# Dash Cam Poll



## CJIS (Mar 12, 2005)

I am wondering which Police Departments have, and use Dash Cams in their cruisers, and what your thoughts are about them.


----------



## DB82 (Dec 24, 2004)

Like anything it has it's pro's and con's. It definetly has the potential to save your 6 when something happens, or you're accused of something.


----------



## LA Copper (Feb 11, 2005)

My division is the test division for our city. I also used them about ten years ago. I personally think they are a good thing. 
They're good for court, training, and resolving personnel complaints. 

Get in a good pursuit and bring a video tape of it to court and you've got close to a slam dunk case.

If something goes down, you can watch the tape and hopefully be able to see some learning points. This is especially good for FTO's working with new officers.

Have a citizen make a false complaint against you and if it's on tape, (whether it be video or audio) you're more likely to be exonerated.

I would recommend them.


----------



## PBC FL Cop (Oct 22, 2003)

I've seen dash-cams ruin careers. They are good for some situations and horrible in others. If I had my choice I would not mount one on my dashboard.


----------



## lt.drebbin (Apr 6, 2005)

I agree with the old man from L.A. dash cams do have value as far as training goes. 

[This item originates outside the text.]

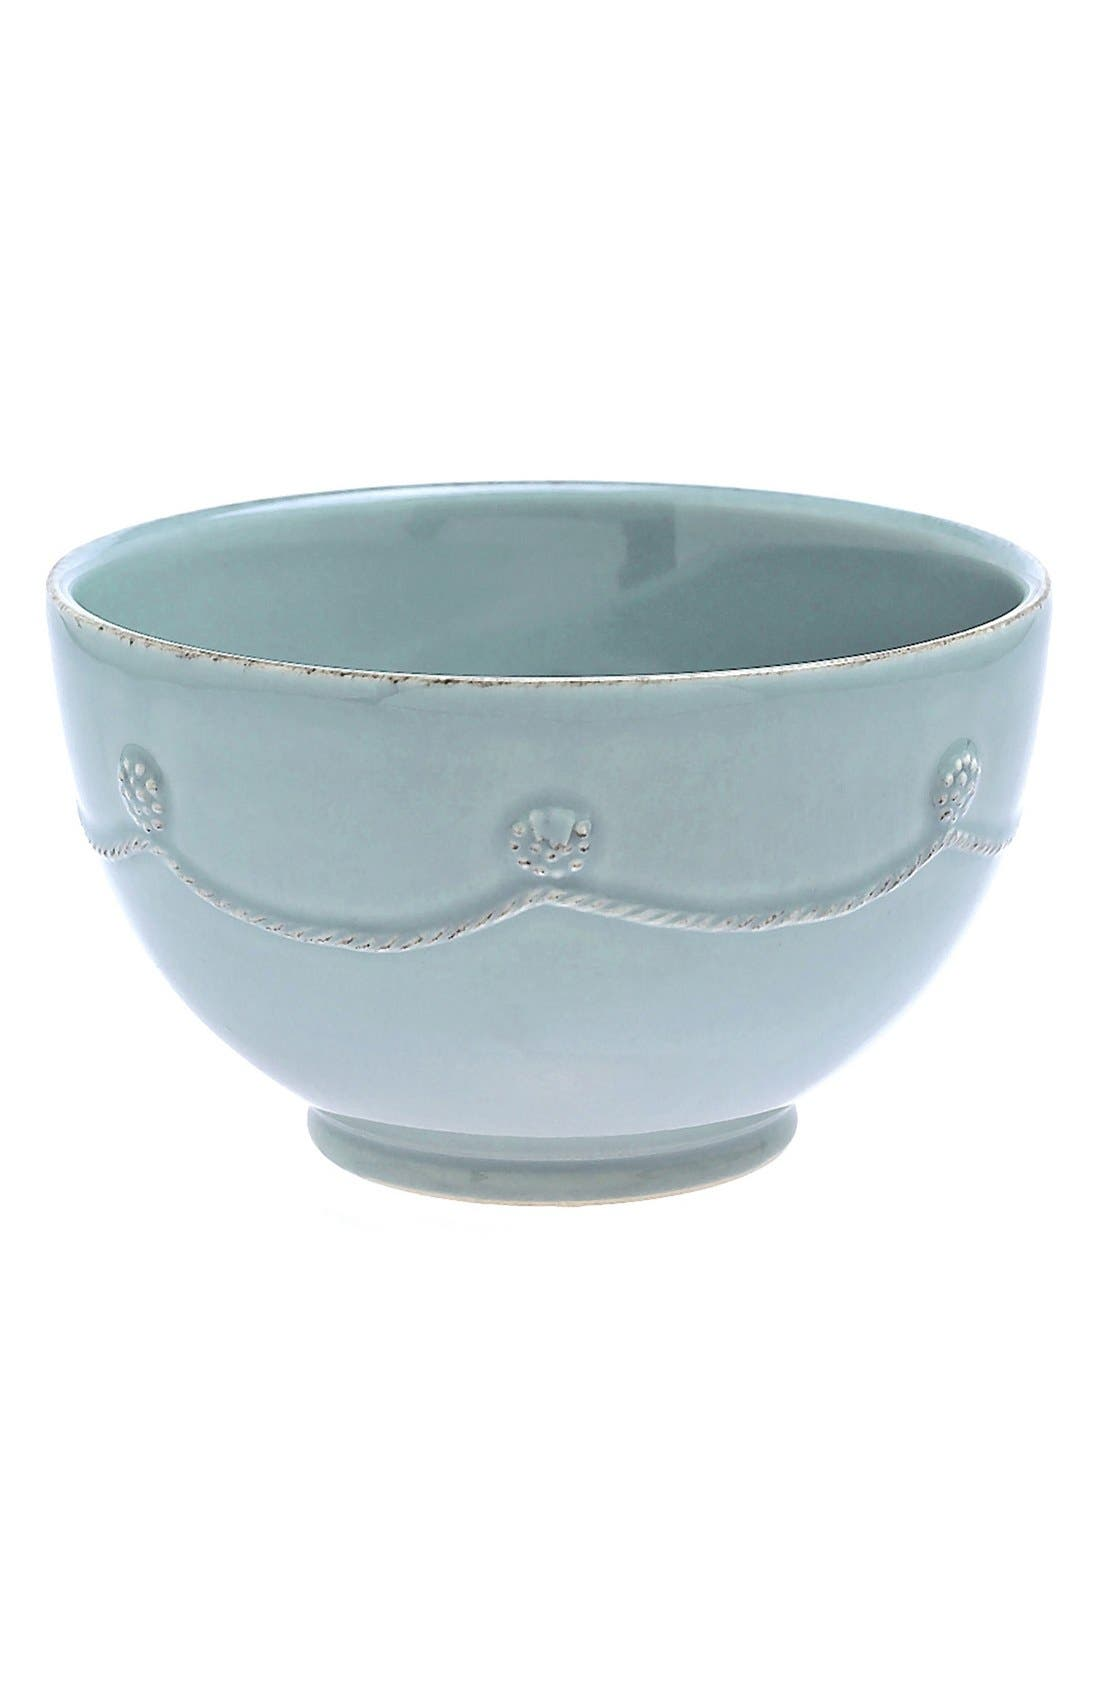 Juliska'Berry and Thread' Soup Bowl

My department used to have them in the sector cars. I used to review the tape at the end of watch. Its quite a reality check when you see how many times the bad guy could have had you. It keeps you on your toes. 

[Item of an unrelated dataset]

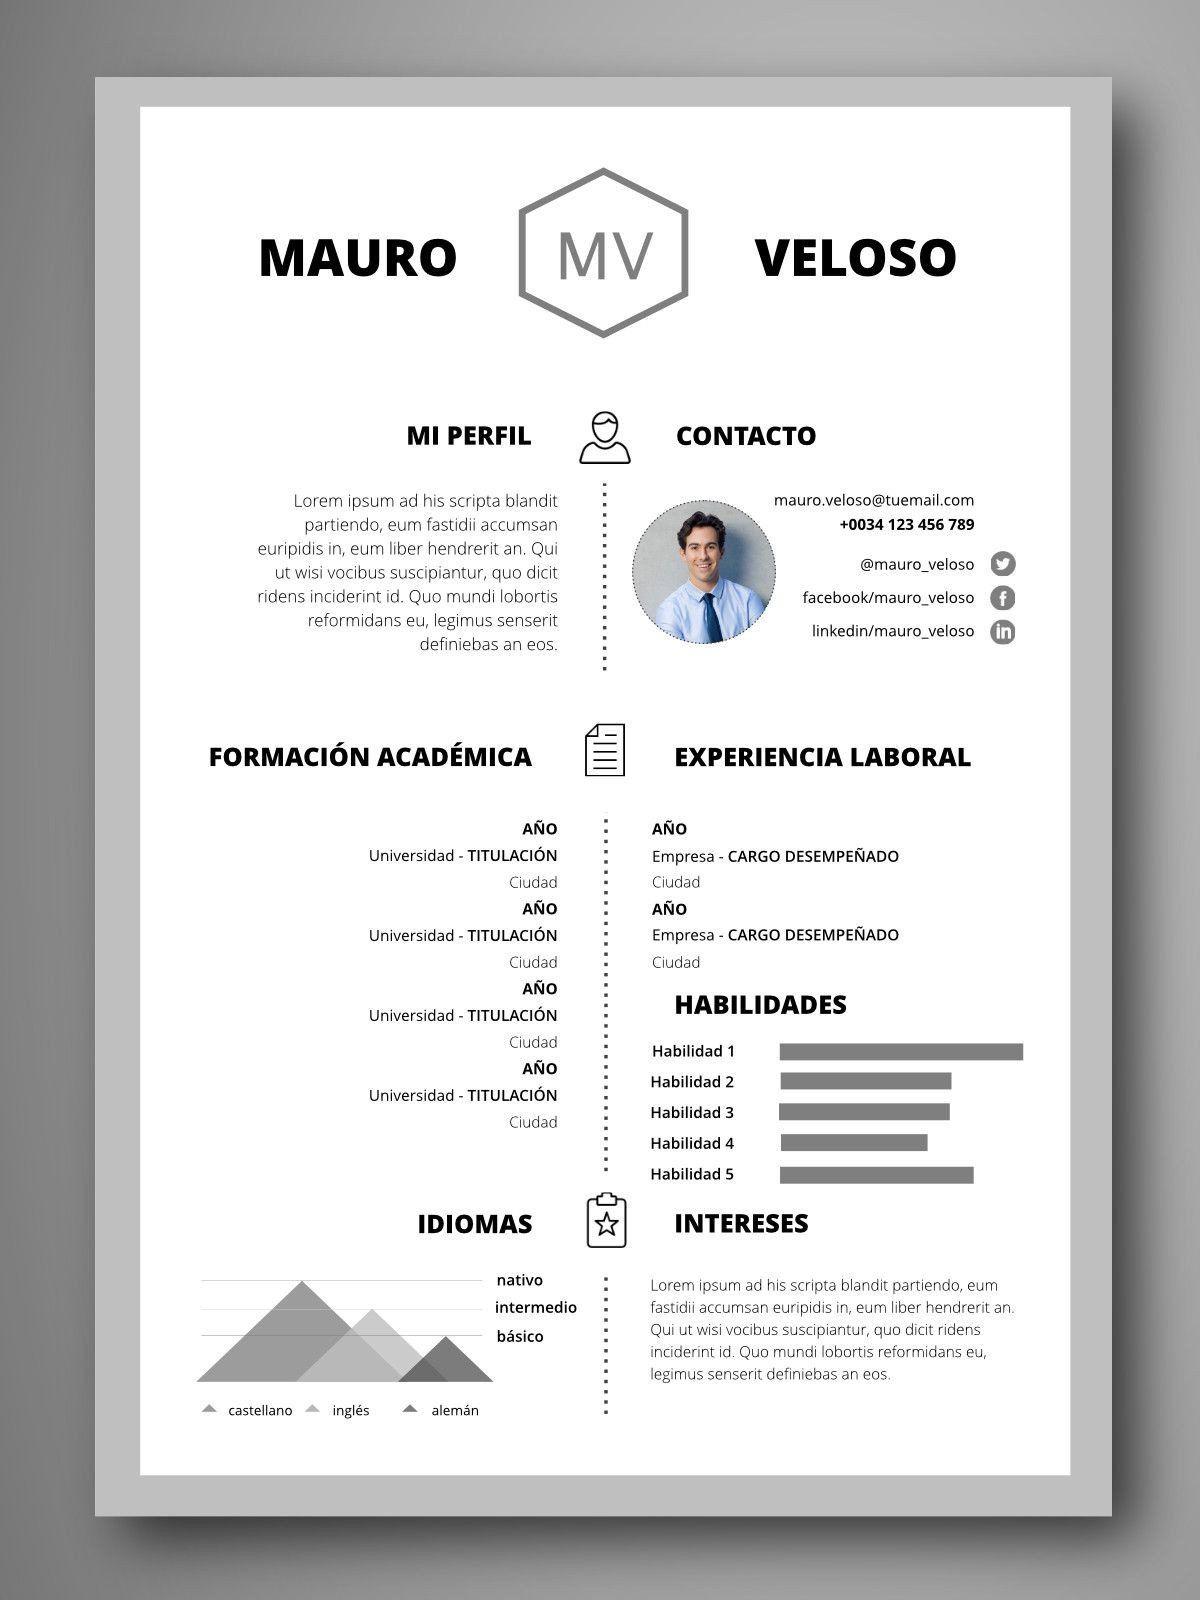 Como Hacer Un Resume De Trabajo Lovely Currculum Berl N Portafolio Resume Words Resume Design Creative Resume Design

The actions on some of the tapes did come back to bite some officers in the ass though. but whos fault is that?


----------



## LA Copper (Feb 11, 2005)

Lt drebbin has it exactly right and I couldn't agree more!

Except, how do you know I'm old?


----------



## Guest (Apr 7, 2005)

Love it. And I hope I get to keep it when I am issued a another car in 4 or 5 years. As far as ruining careers, well, if the incident was not caught on camera was it still the right thing to do. I find myself aware of the camera since I have had it, but I do not let it dictate the manner in which I conduct myself. I actually think it helps me from getting complacent, because I sometimes go back through them and critique myself. Is that weird??


----------



## CJIS (Mar 12, 2005)

Interesting... so far the results are what I thought they would be.


----------



## pablo (Apr 15, 2005)

we had them for a while but they kept breaking. Imagine that. Managment loved them because it dramatically cut down on OT for OUI trials.THey can really kill you court time. Ultimately my dept opted not to keep them. 1 camera per car, 10 marked units, and every week one or two would break. It ended up costing them more to keep the cameras working then it was worth. Guys would loose the remote mikes etc etc.


----------



## bosoxmanny (Sep 29, 2004)

Same thing happened here that happened with Pablo's Dept. We got them about a year ago in some of our cars. Found they were always breaking...Rear trunk mounts for the tapes were coming loose from the brackets. Couple of times that I've been in a car where they do work a few downsides. 1) Obviously you gotta be more careful in what you say...2) Some senior officers aren't used to their presence so you have to come up with some secret code word for them when they come and back you up to say "Yo I'm mic'd up so watch what you say." Good things are definitley helpful for FTO's if your dept. will let you pull the tapes. Ours have to be pulled by a supervisor and can only be pulled at the end of a tape or when a significant incident (pursuits etc.) happens.
Overall I didnt mind it but didn't love the idea of having them


----------



## mpd61 (Aug 7, 2002)

We've had one for five years and it has squashed SEVERAL false accusations against our officers. NEVER been used the other way.
occasionally useful for training also.
8) 
It does have the provison to be turned off, but can't think why you would want to. (except when pulling over neighboring towns chief who's drunk/naked)
:lol:


----------



## Irish Wampanoag (Apr 6, 2003)

MPD61,
I love the video dash cam in 947 its the balls. However if the cruiser worked as well as the video dash cam we would be in business

Who Loves You Baby!!


----------